• [Exercise]: Below is a listing; retype exactly the lines between the one containing "Brand new pink" and the one containing "users towards Google", inclusive, minus the pictures.

• [Recorded data]:
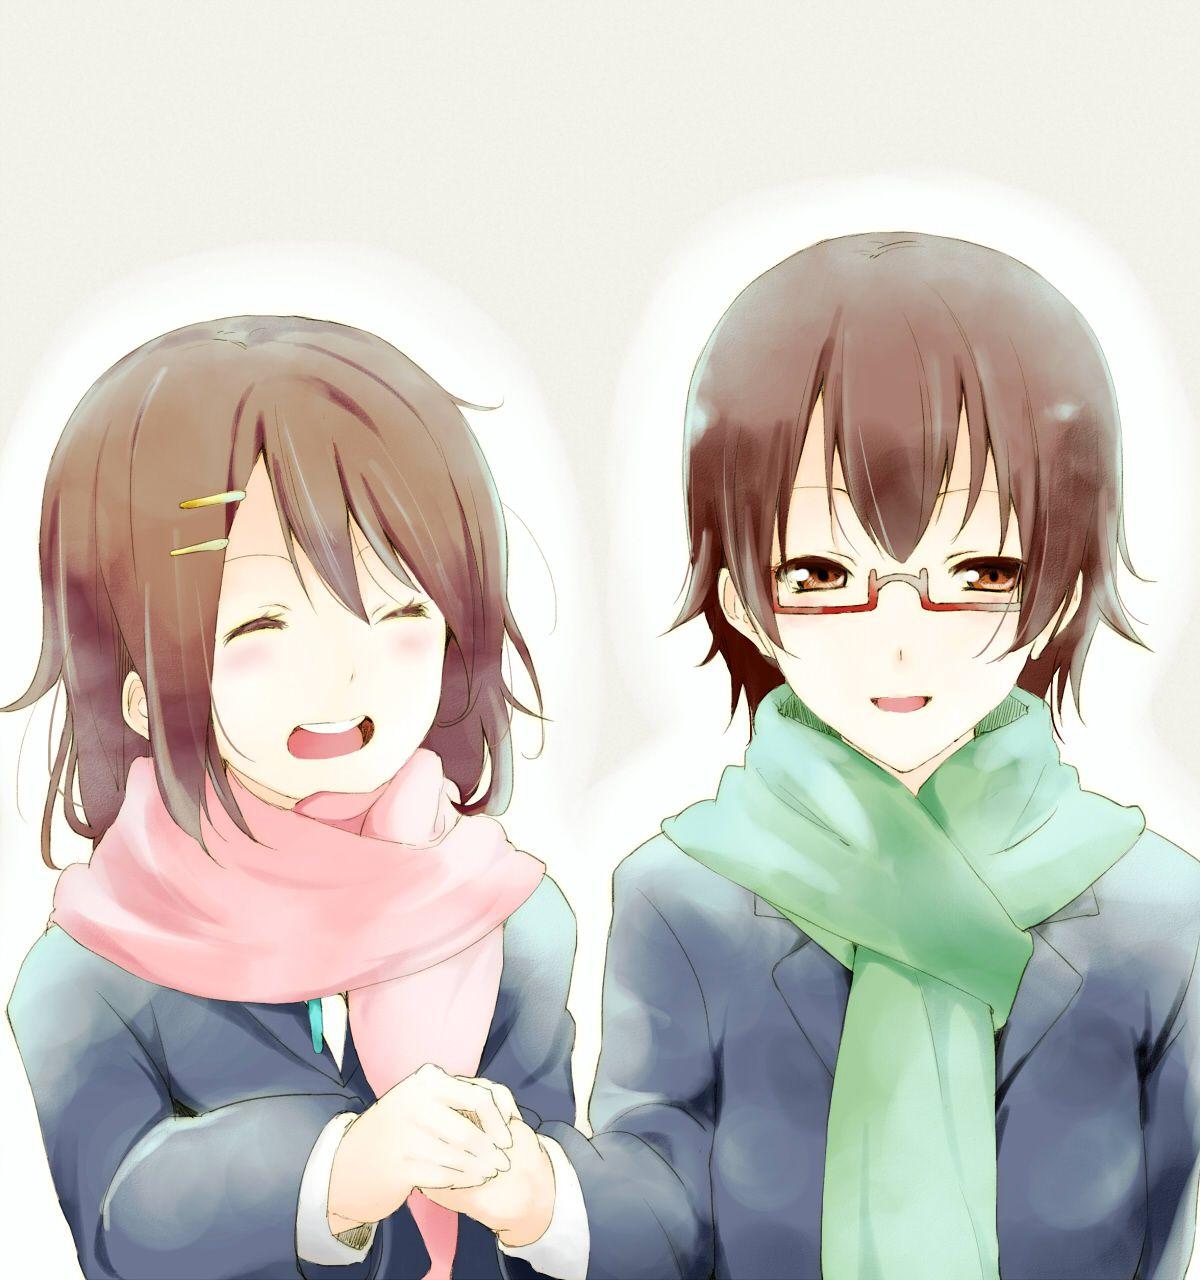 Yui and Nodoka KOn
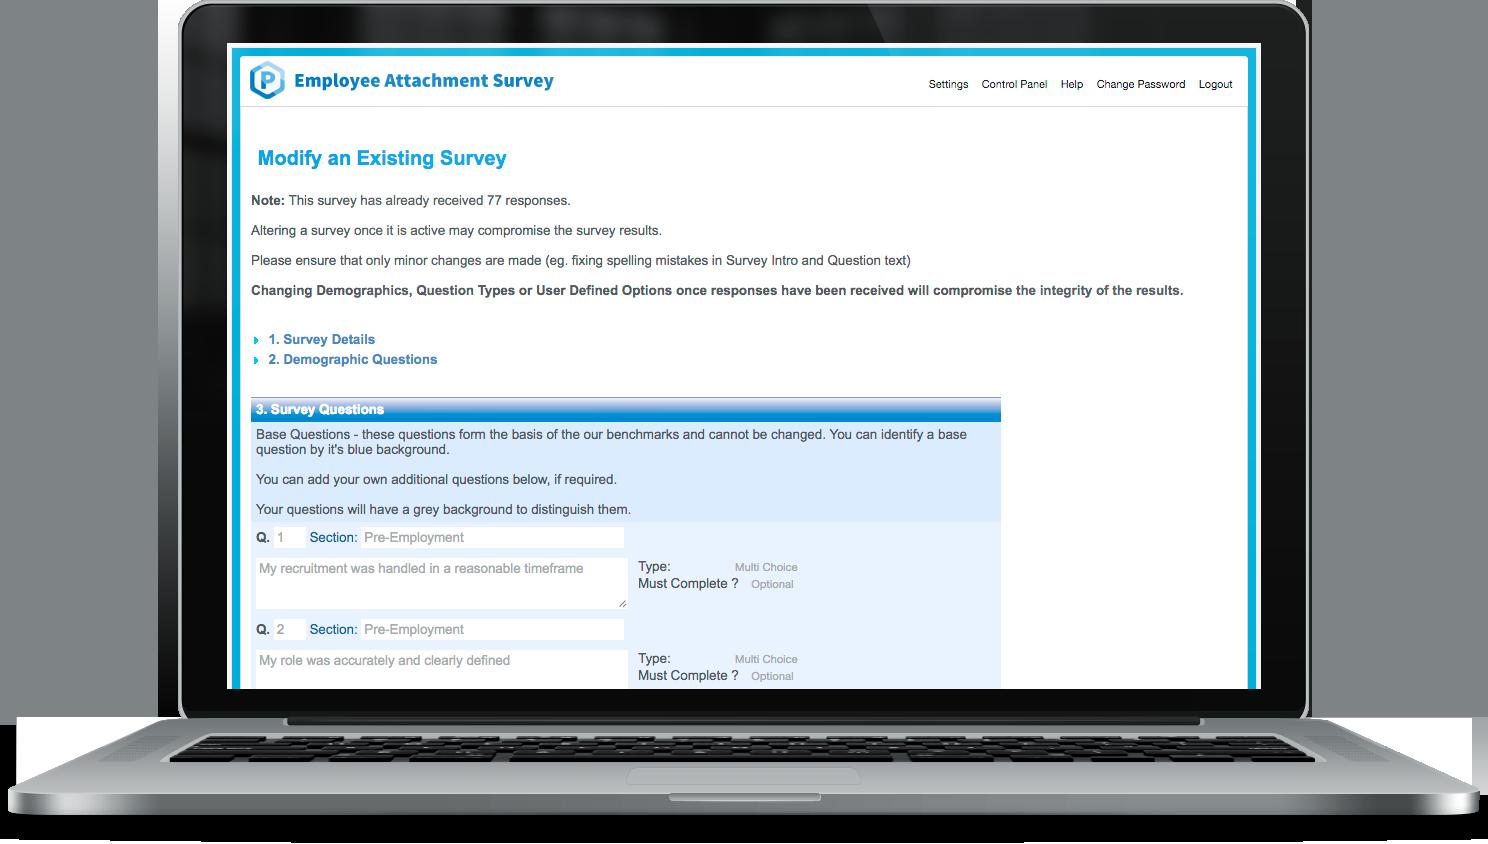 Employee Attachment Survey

==

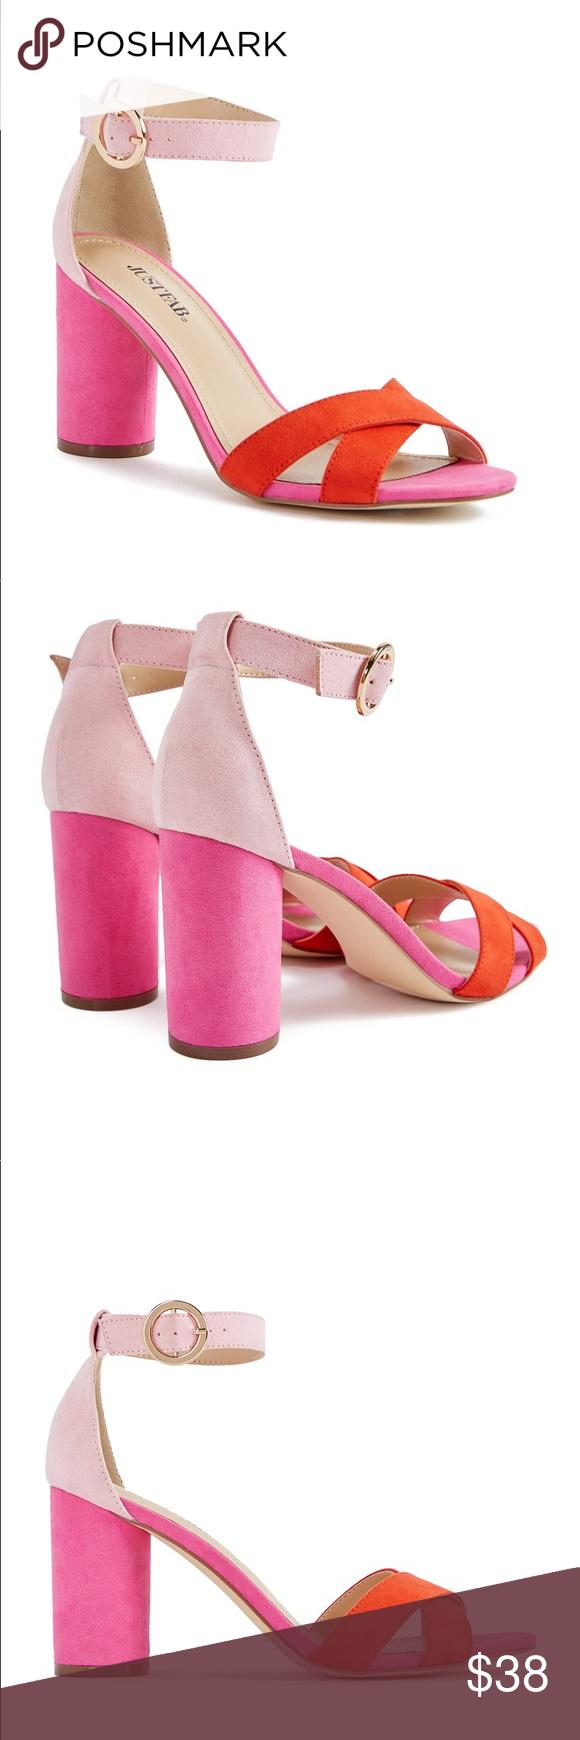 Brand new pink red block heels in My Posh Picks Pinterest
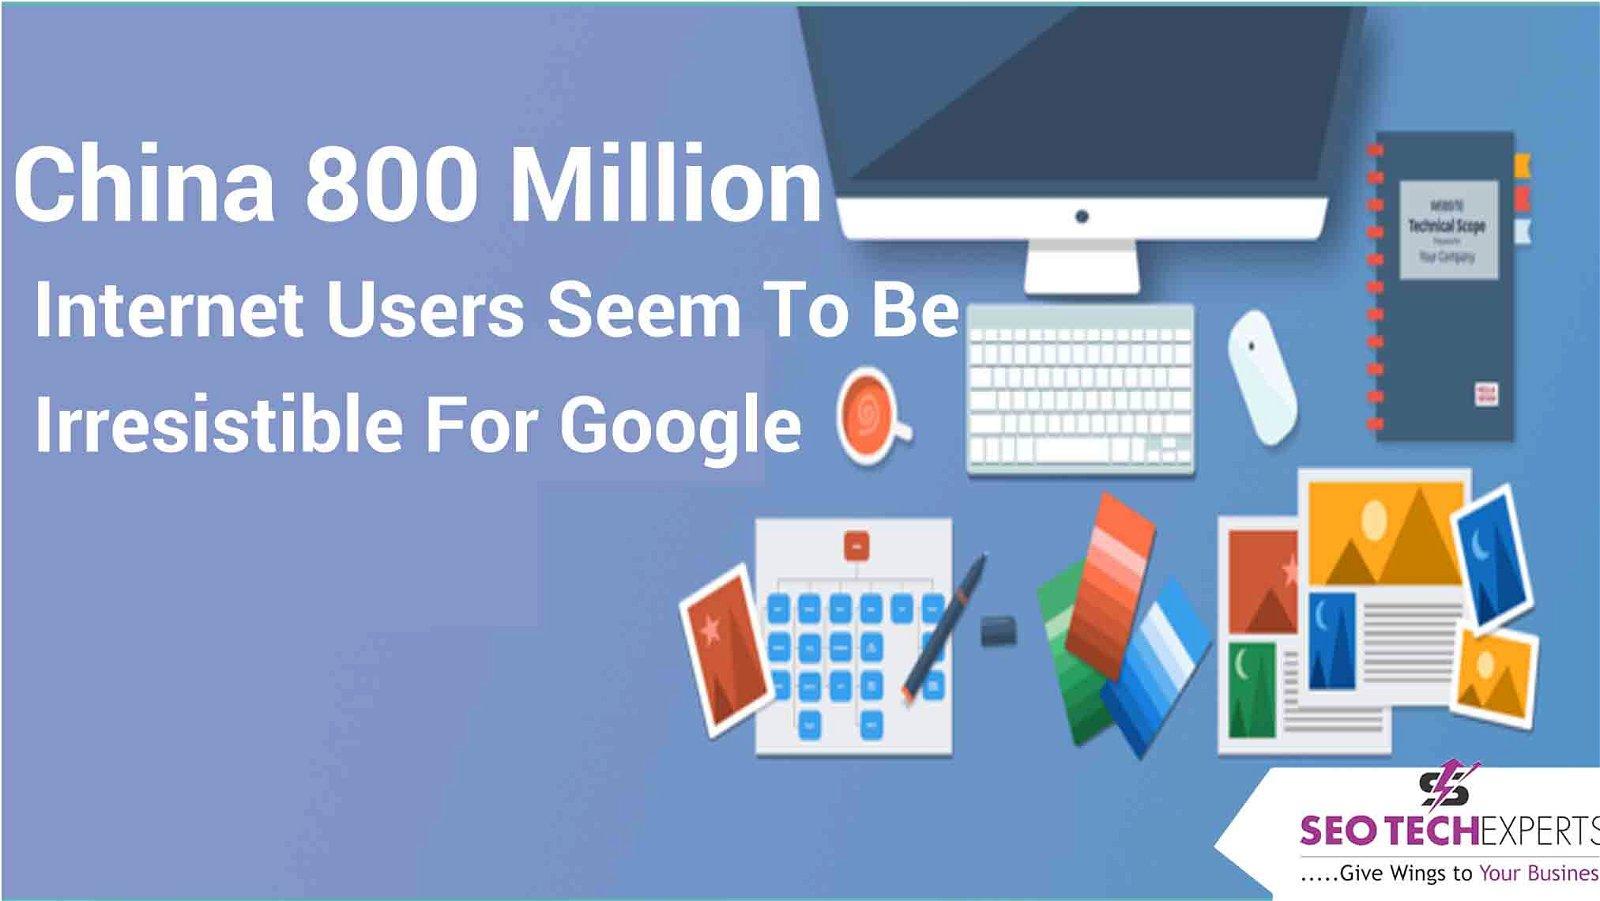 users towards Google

...

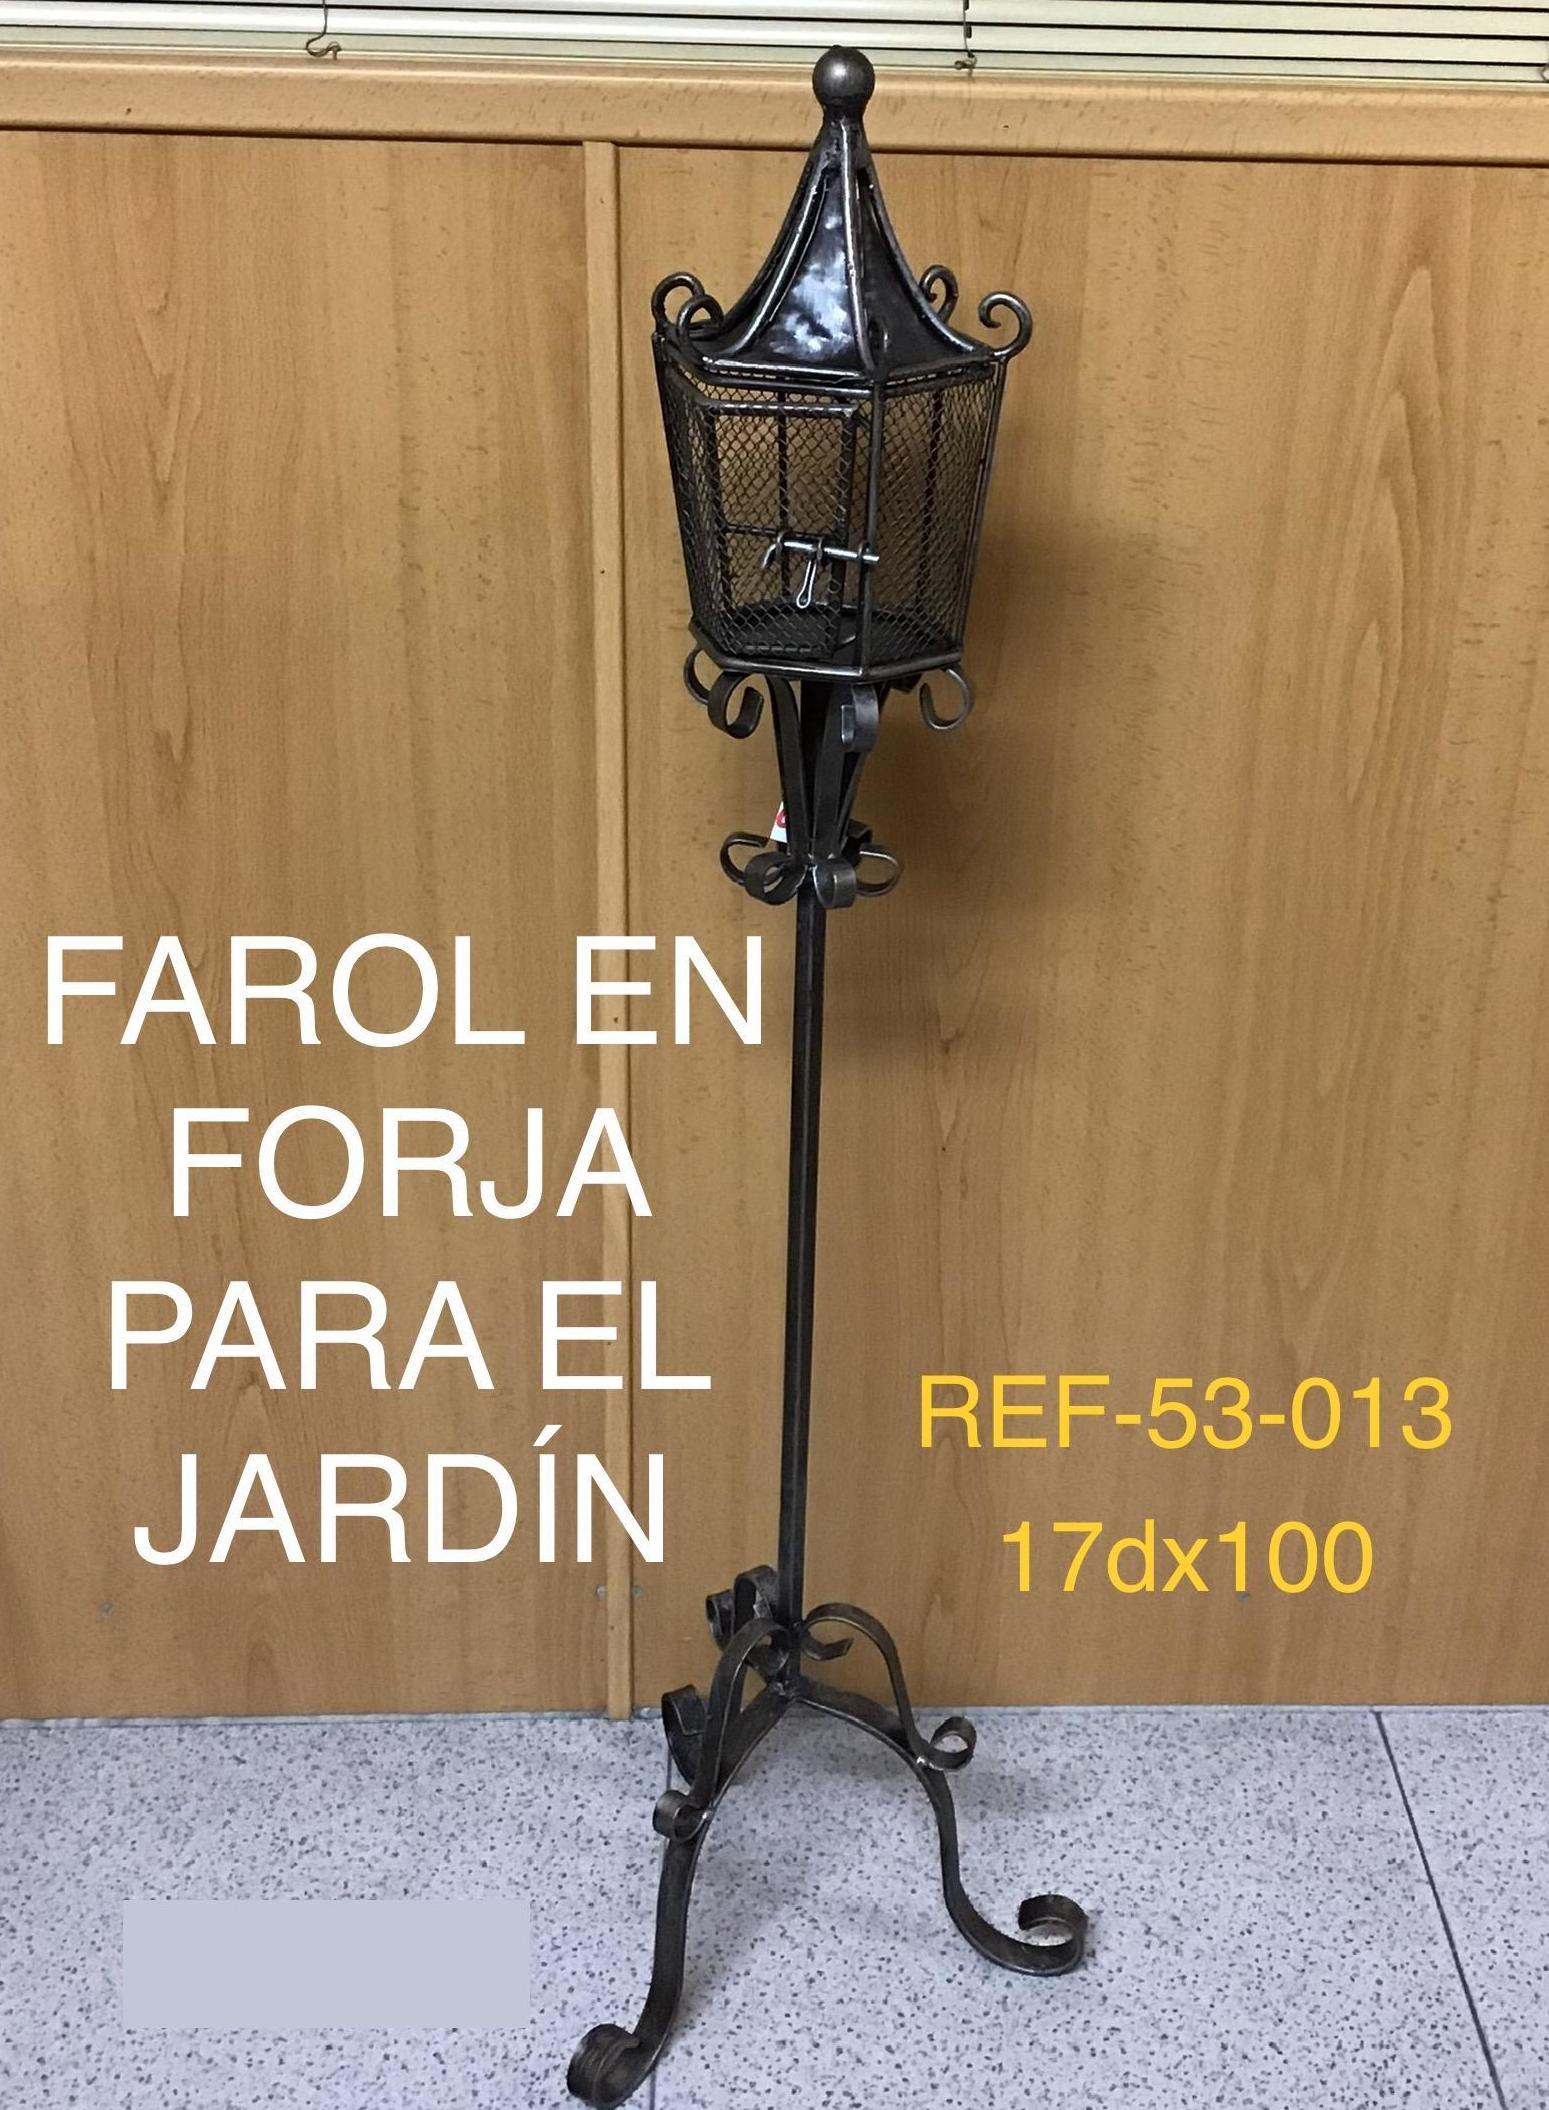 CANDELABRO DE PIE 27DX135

• [Answer to this problem]:
 Brand new pink red block heels in My Posh Picks Pinterest
 users towards Google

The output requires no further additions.